Would you want an experienced self-driving car or the latest general version?
The recent development of many artificial cognitive agents, such as robotic devices and large-language models for text generation, raises an interesting general question about the value of individualization.
We humans, taking ourselves as a pinnacle of an “intelligent” species, are very much aware of our own existence as individuals with limited existence in time and space. We are all similar in many ways, but we are all different in the specific ways that we and our brains have grown and developed since our conception, and those differences are exhibited in our behavior.
Digital computer software, in contrast, can be copied exactly, and those copies can exist across larger reaches of time and space than we humans can. Or a single copy located on a server machine somewhere can communicate electronically with many other cognitive agents, including people, at vast distances apart.

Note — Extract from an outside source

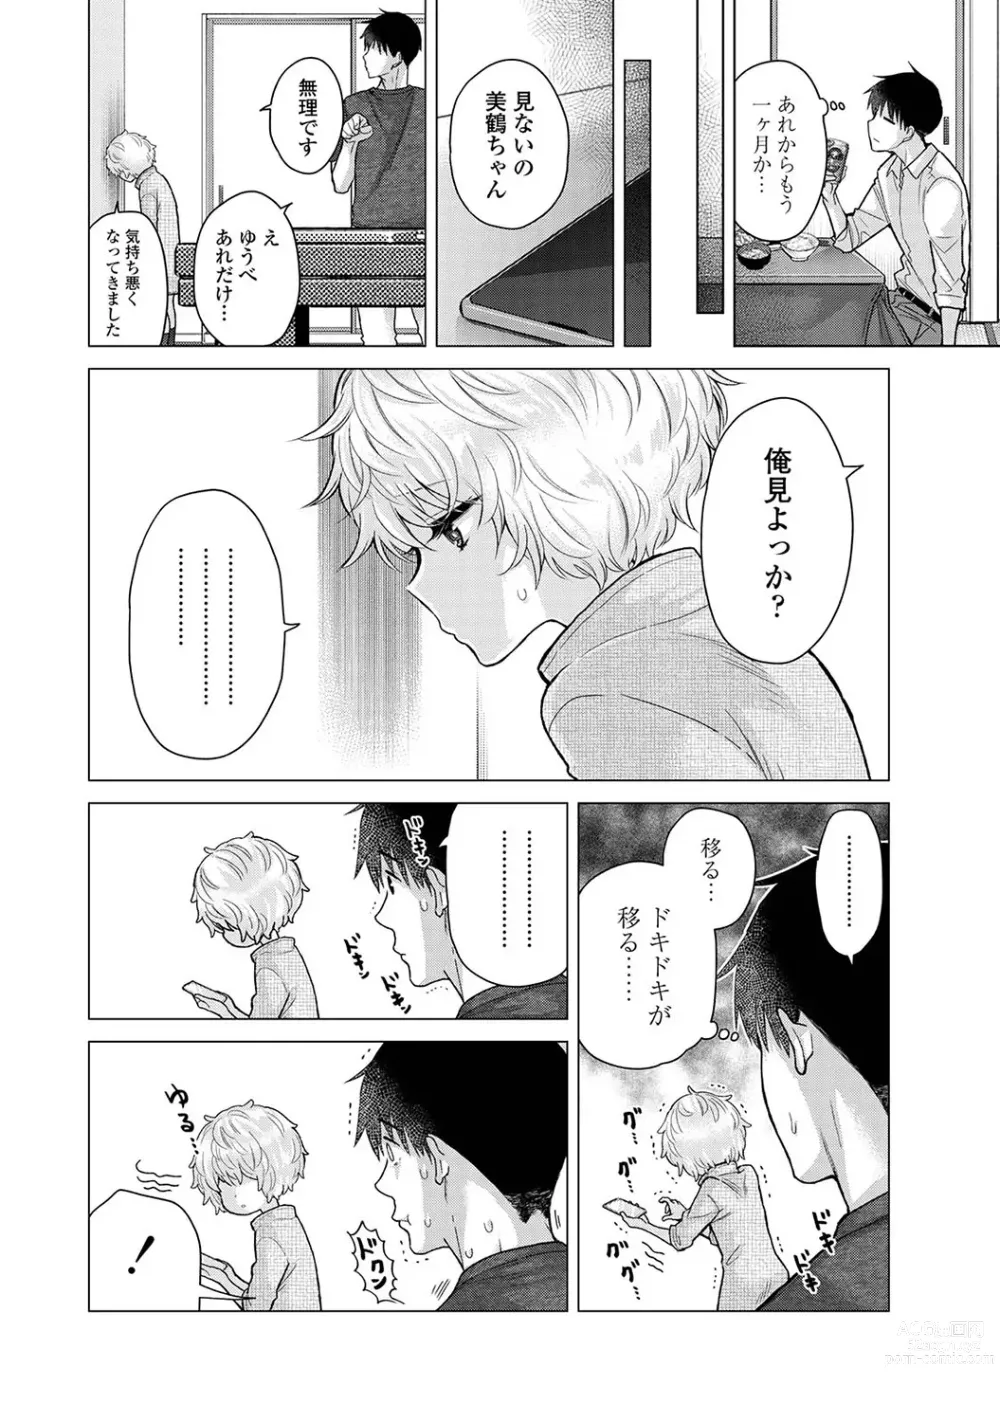 Page 8 of manga COMIC Ananga-Ranga Vol 102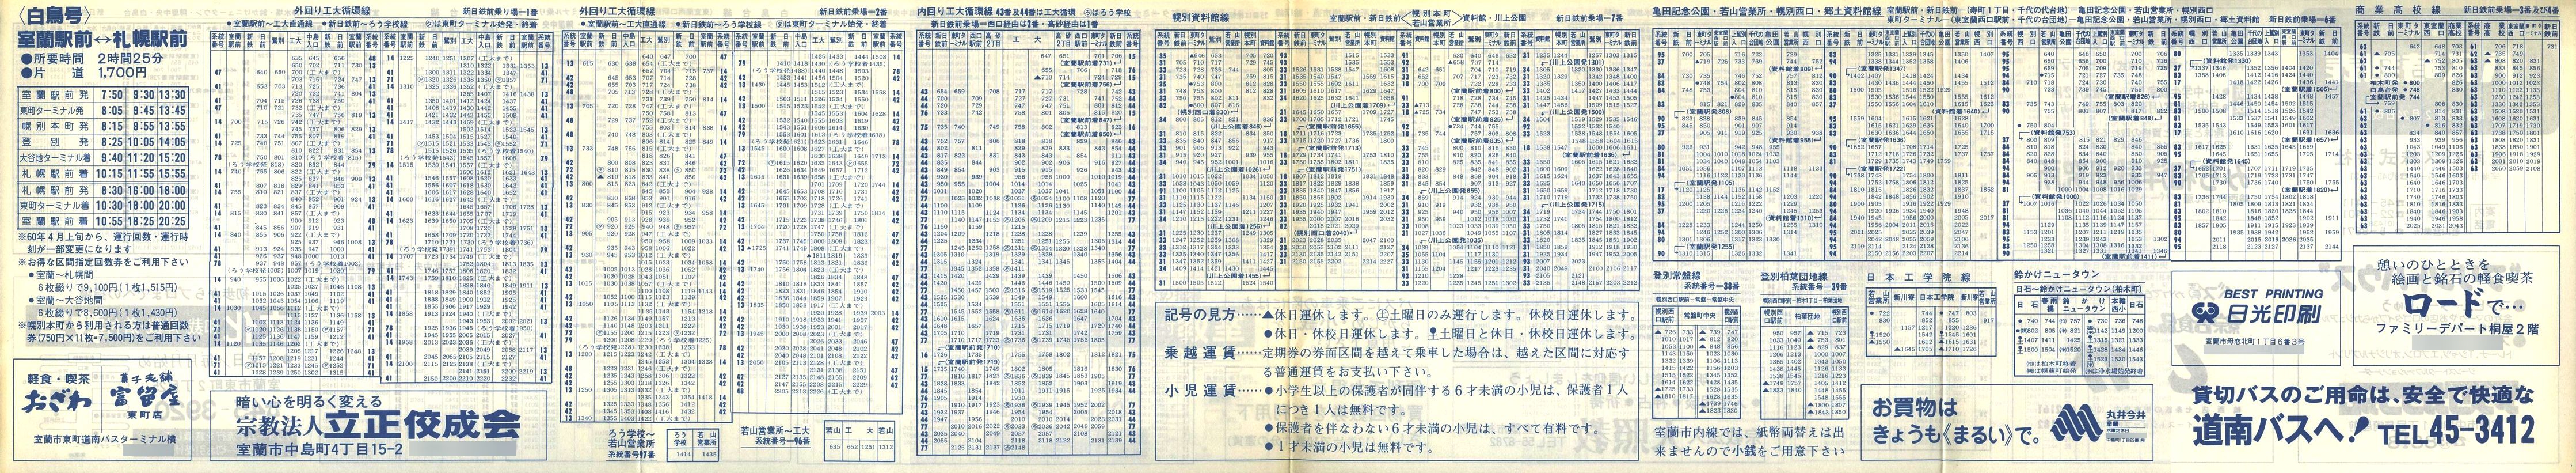 1985-02-24改正_道南バス_室蘭市内線時刻表裏面

So the question arises: What are the advantages and disadvantages of individualization of cognitive agents?
To explore that question in a more concrete way, it is interesting to consider the example of self-driving cars.
On the one hand, it should be possible for all models of a particular self-driving car to use copies of the same software, with regular updates like the ones that the operating systems of our computers undergo, dispatched from some controlling organization. That would make all those cars operate the same way in the same conditions, and could enable them to synchronize their behavior when they are operating near each other in time and space.
On the other hand, considering the range of possible driving conditions in different parts of the world, including differences in weather and differences in how pedestrians may behave in different cultures, it may be safer to have self-driving cars adjust their behavior to local conditions, possibly learning from their individual remembered experiences. But in that case, individual vehicles might learn different things from their experiences, which could even lead them into behavioral conflicts.
Similar questions arise for artificial cognitive agents of all kinds. For example, text generators based on large language models may generate texts that are inconsistent in their details with one another.
Such examples suggest that, as is the case for us humans, individualization can provide more effective behavior, especially locally in time and space, than generalization does. But they also suggest that individualization inevitably leads to some amount of inconsistent or even conflicting behavior among individuals.